Platelet VWF is always normal in type 2N VWD, unless patients simultaneously carry a second mutation that impairs VWF synthesis, such as the p.P812Rfs*31 and p.G2352_C2360del mutations found in our cohort. This means that measuring platelet VWF in cases of type 2N VWD can help to establish whether any other mutations are involved, particularly considering that recessive quantitative defects may not be very obvious if only plasma VWF is measured (as discussed above). This applies to other forms of VWD too, when the phenotype does not neatly fit the canonical criteria.
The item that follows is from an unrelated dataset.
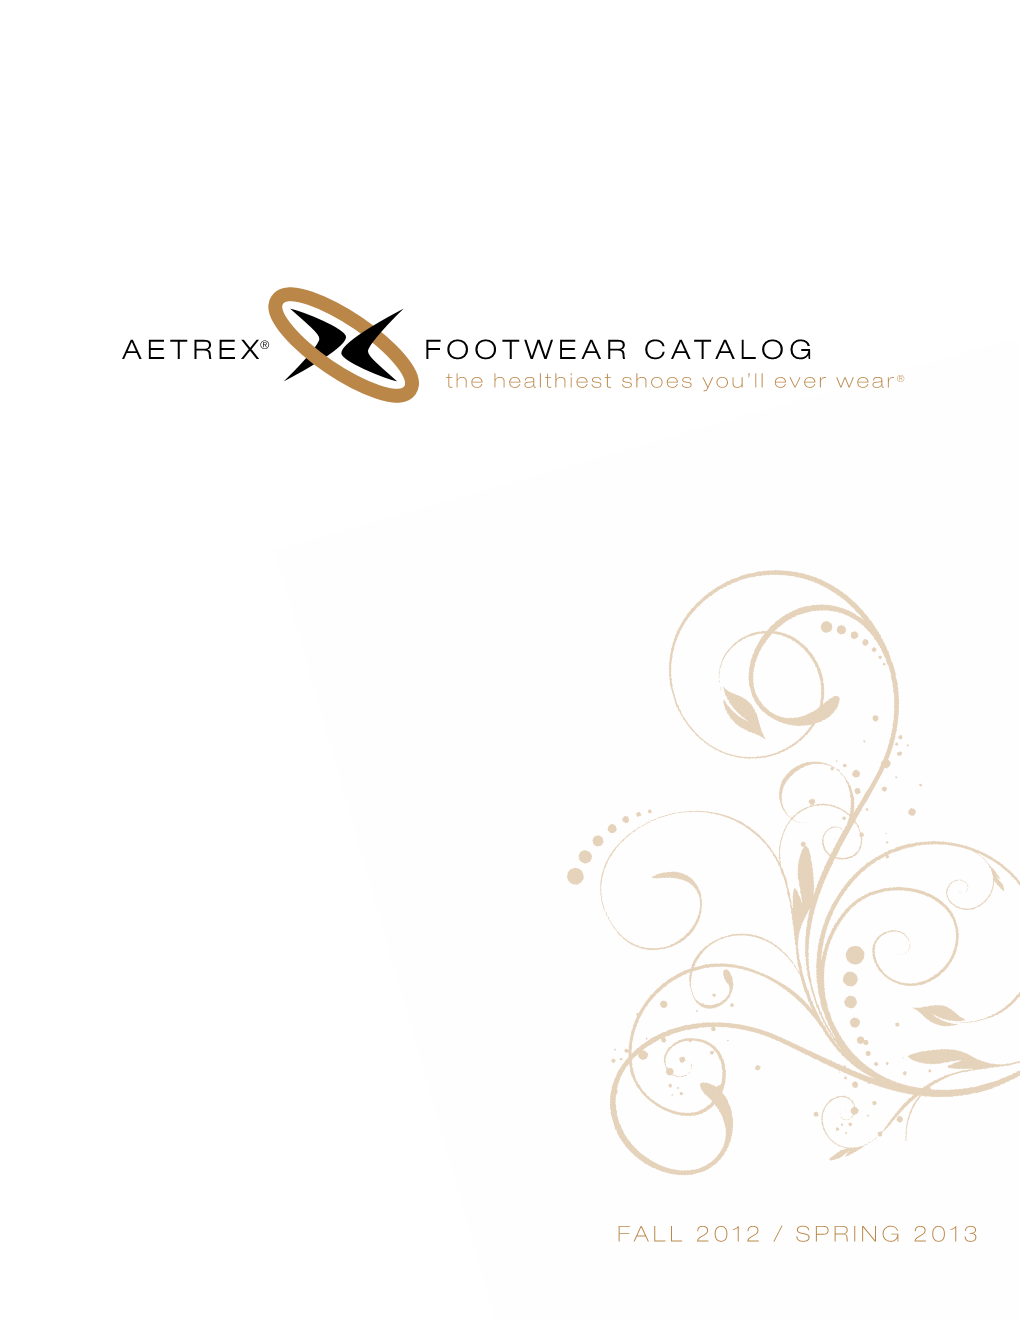 Aetrex® Footwear Catalog the Healthiest Shoes You’Ll Ever Wear®

Other tools are currently used to identify a defective VWF synthesis, the most commonly adopted being the FVIII/VWF:Ag ratio [35,36]: a higher ratio is suggestive of a reduction in VWF synthesis, while a normal ratio points to VWF alterations being attributable to a shorter VWF survival. This distinction seems to apply in our patients too—with the exception of type Vicenza VWD patients, whose FVIII/VWF:Ag ratio increases despite their main defect being associated with a marked reduction in VWF survival. For other forms of type 1 VWD, a correlation is apparent between a rising FVIII/VWF:Ag ratio and falling platelet VWF levels, since patients with severe type 1 VWD had the most pronounced increase in their FVIII/VWF:Ag ratio, while it was nearly normal in patients with normal-platelet-VWF mild type 1 VWD. The same applies to VWD types 2A and 2B, though the increase in the FVIII/VWF:Ag ratio in the forms associated with a defective VWF synthesis is negligible, and consequently less informative. Combining the FVIII/VWF:Ag ratio with platelet VWF levels could therefore facilitate the demonstration of a defective VWF synthesis.

In conclusion, measuring platelet VWF is an excellent way to study VWD for several reasons: it enables a distinction to be drawn between quantitative and qualitative VWF defects; it helps to identify the affected members in the families of patients with type 1 VWD, especially when their plasma VWF levels are not informative; it distinguishes between cases of mild type 1 VWD with normal as opposed to low platelet VWF levels; it grades the severity of a defective VWF synthesis; it identifies cases of type Vicenza VWD; it distinguishes type 2A-I from type 2A-II disease; it better characterizes type 2B VWD; it identifies type 2N patients who carry quantitative VWF mutations too; it predicts which patients will respond to DDAVP, and also the bleeding risk of VWD patients, especially for those carrying a quantitative VWF defect.